• _PROBLEM STATEMENT_
Restate each line of the listing exactly, without carrying over any pictures.

• _DATASET EXTRACT_
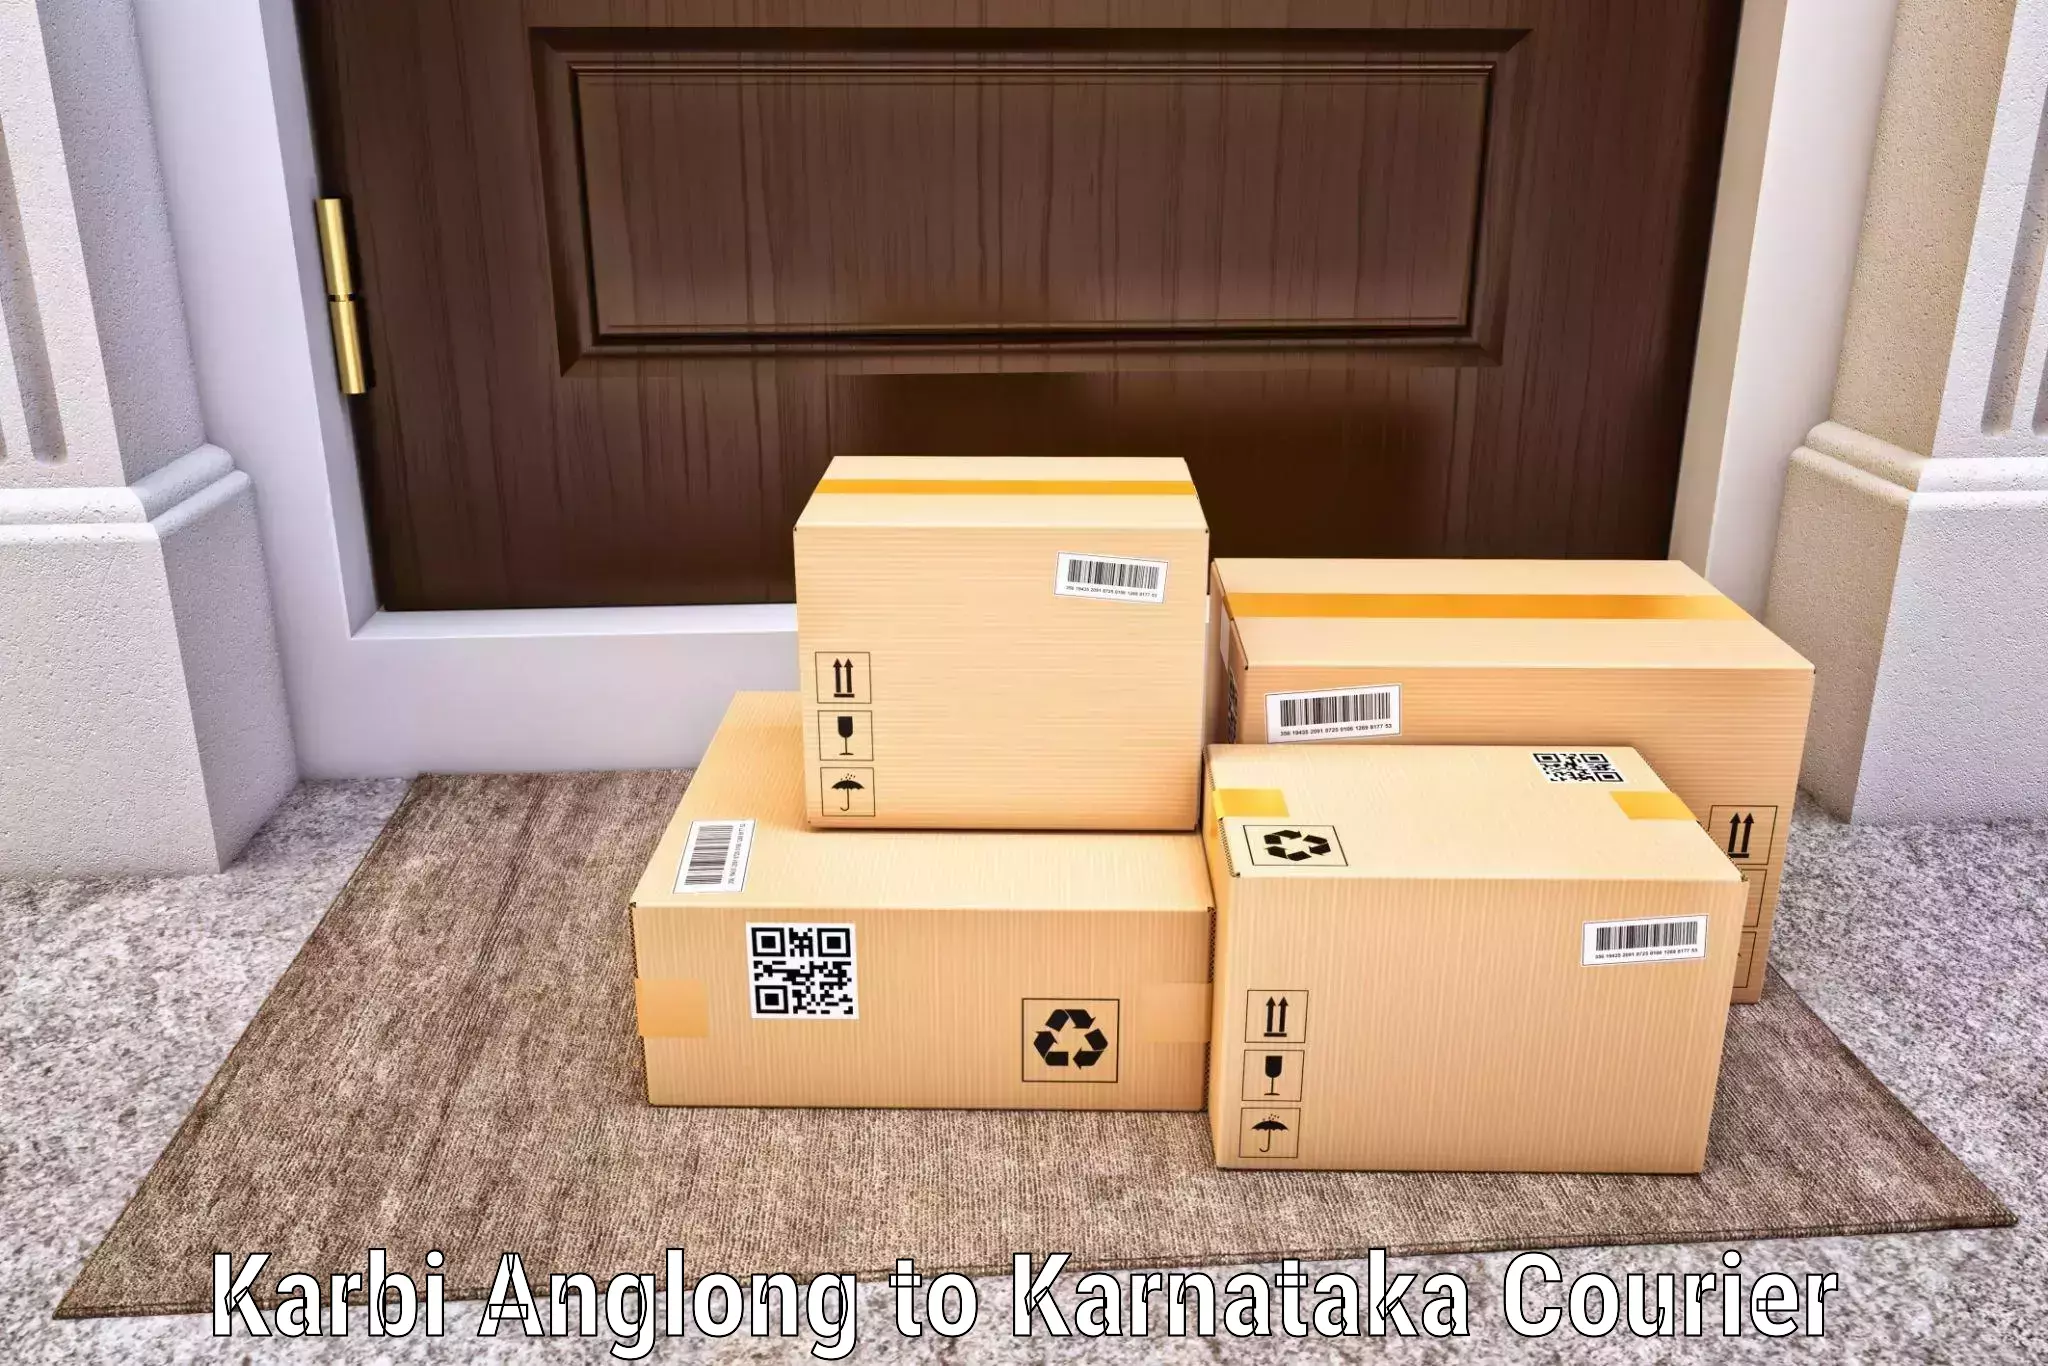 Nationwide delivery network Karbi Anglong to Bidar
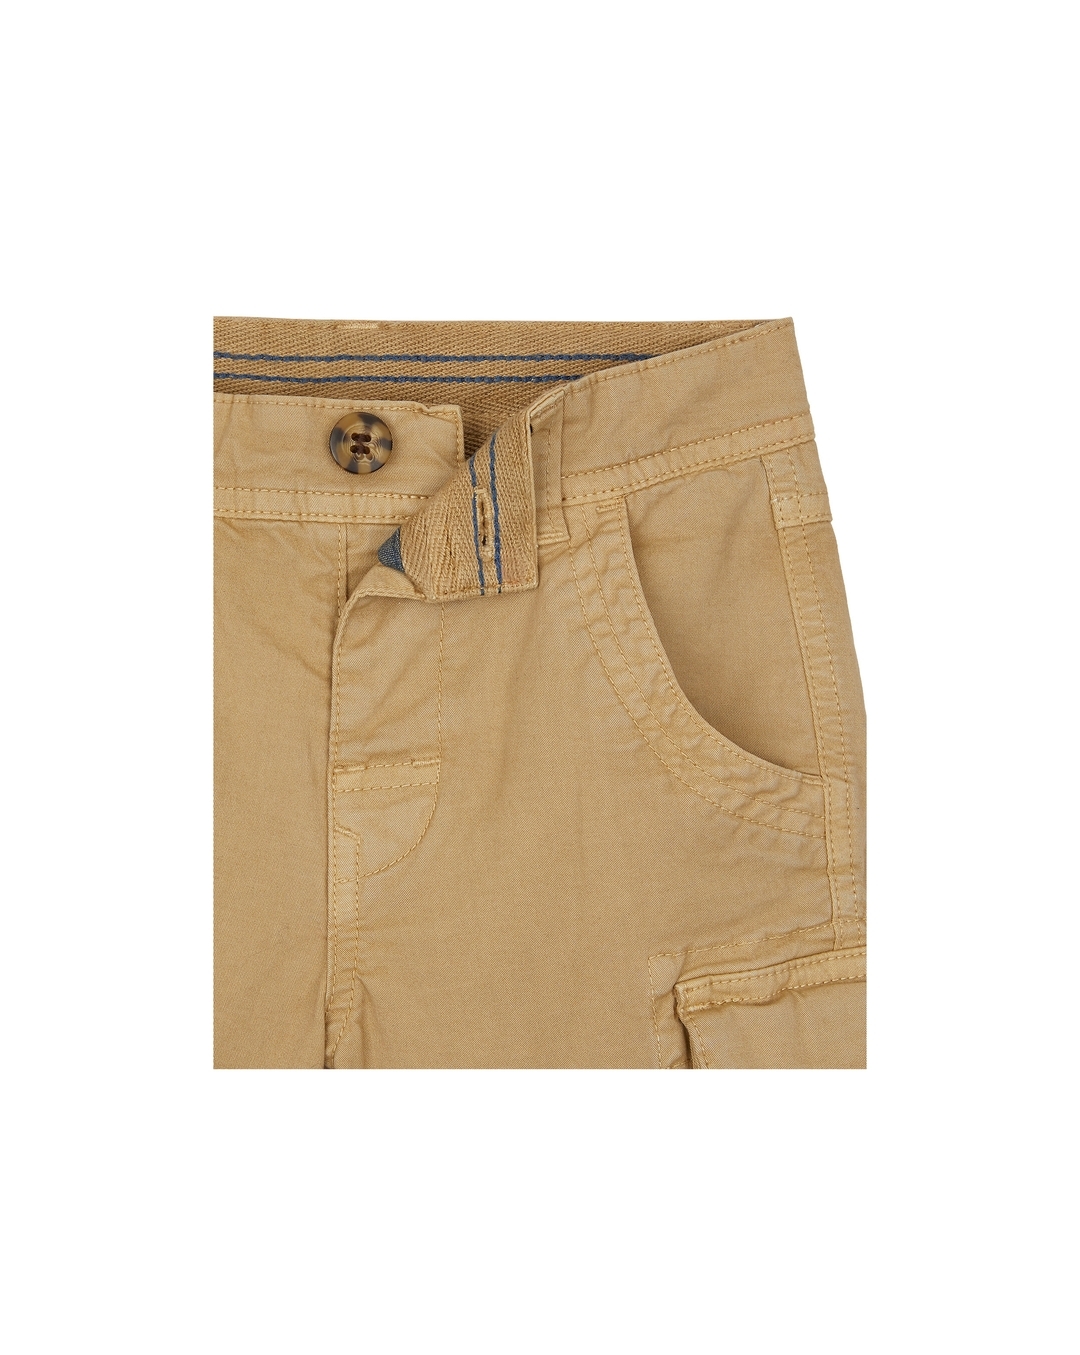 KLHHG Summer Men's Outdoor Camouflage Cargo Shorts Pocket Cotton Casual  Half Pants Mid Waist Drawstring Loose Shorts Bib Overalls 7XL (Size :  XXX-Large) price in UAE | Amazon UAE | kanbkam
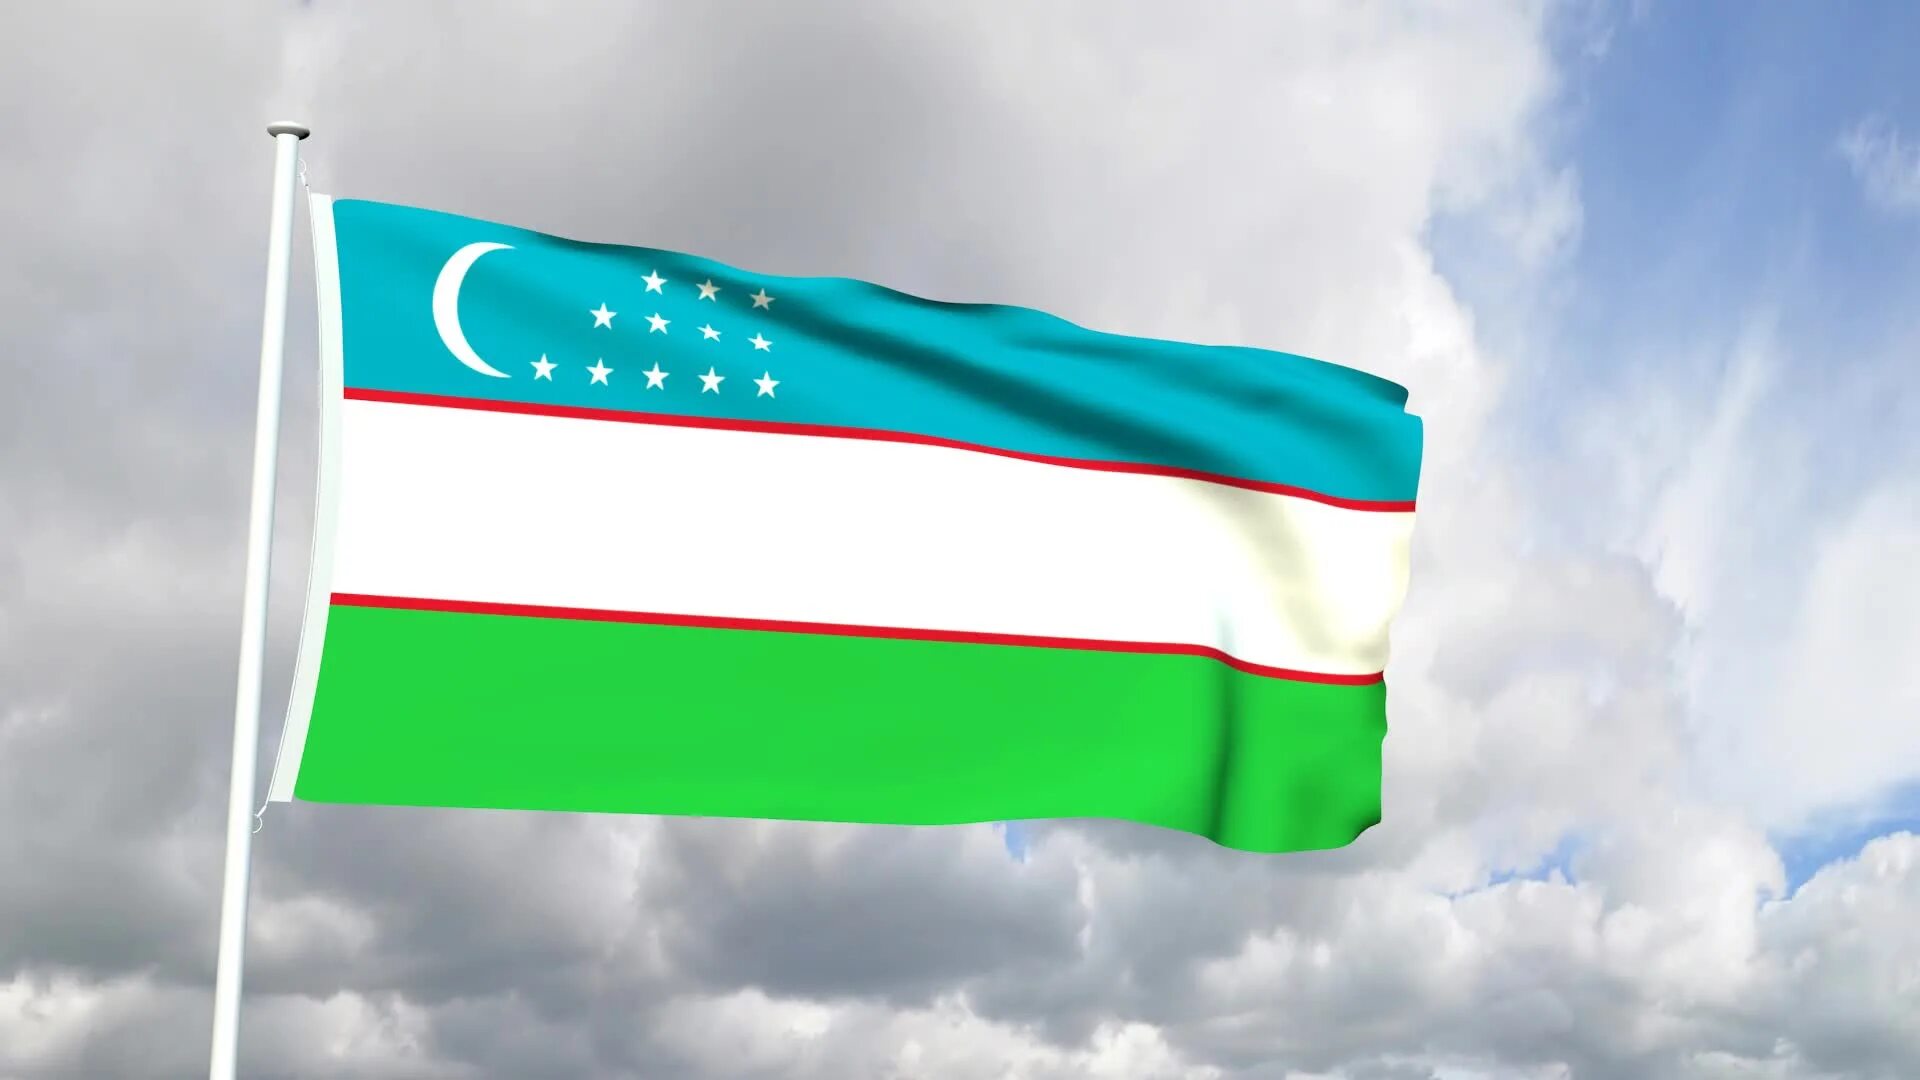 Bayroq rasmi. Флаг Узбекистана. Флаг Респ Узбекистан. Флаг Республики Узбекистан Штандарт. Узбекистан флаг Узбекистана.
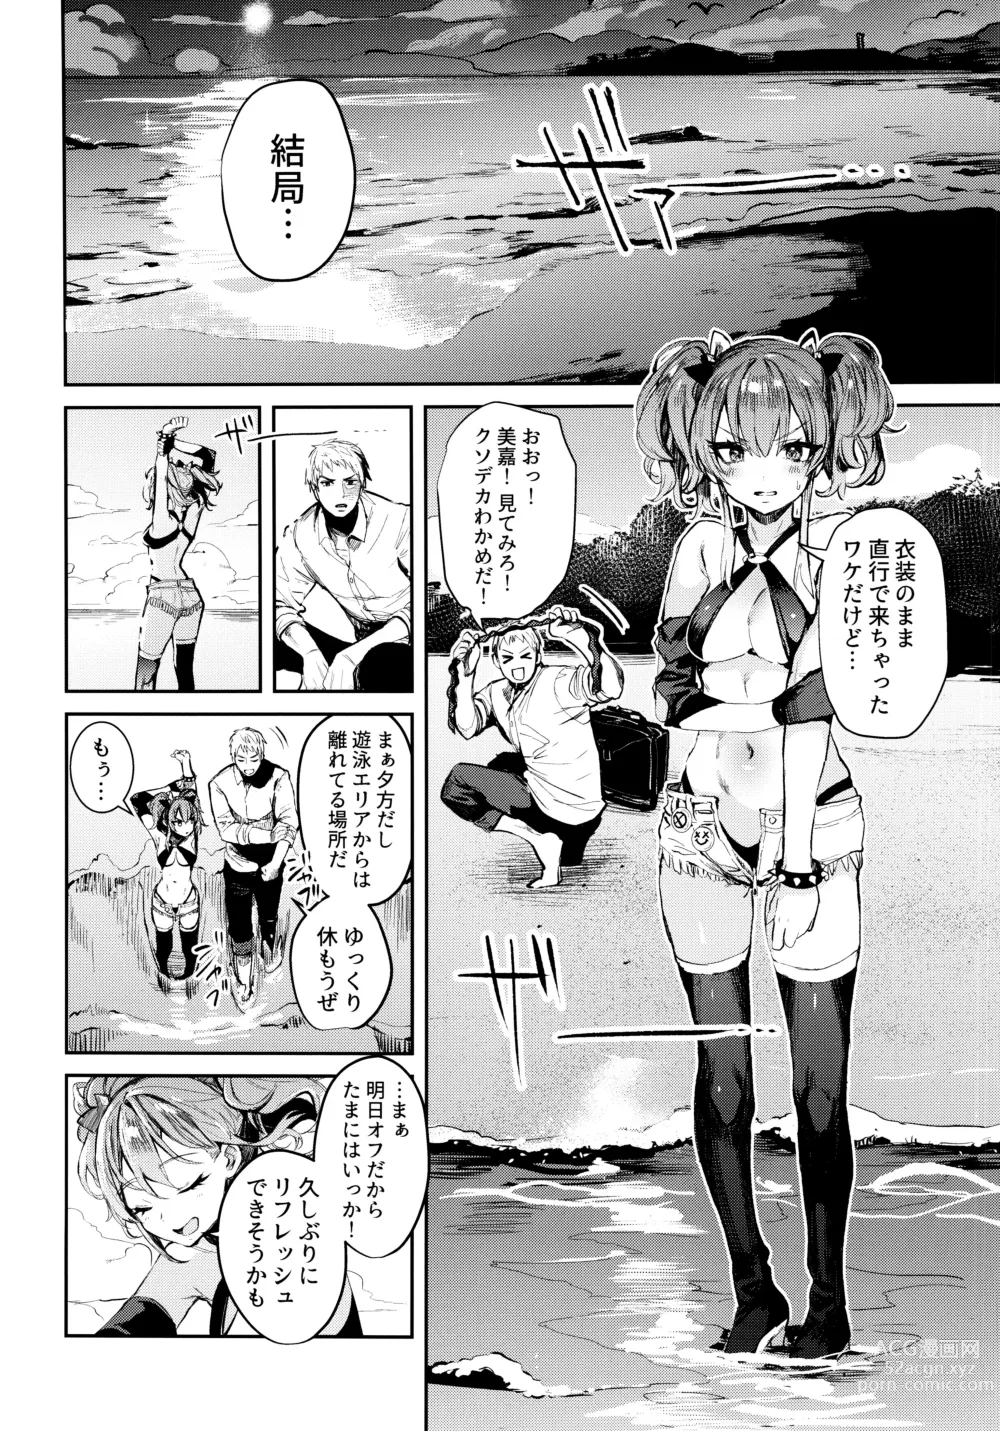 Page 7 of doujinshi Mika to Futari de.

• _SOLUTION FOR THIS PROBLEM_
 Nationwide delivery network Karbi Anglong to Bidar
 KLHHG Summer Men's Outdoor Camouflage Cargo Shorts Pocket Cotton Casual  Half Pants Mid Waist Drawstring Loose Shorts Bib Overalls 7XL (Size :  XXX-Large) price in UAE | Amazon UAE | kanbkam
 Bayroq rasmi. Флаг Узбекистана. Флаг Респ Узбекистан. Флаг Республики Узбекистан Штандарт. Узбекистан флаг Узбекистана.
 Page 7 of doujinshi Mika to Futari de.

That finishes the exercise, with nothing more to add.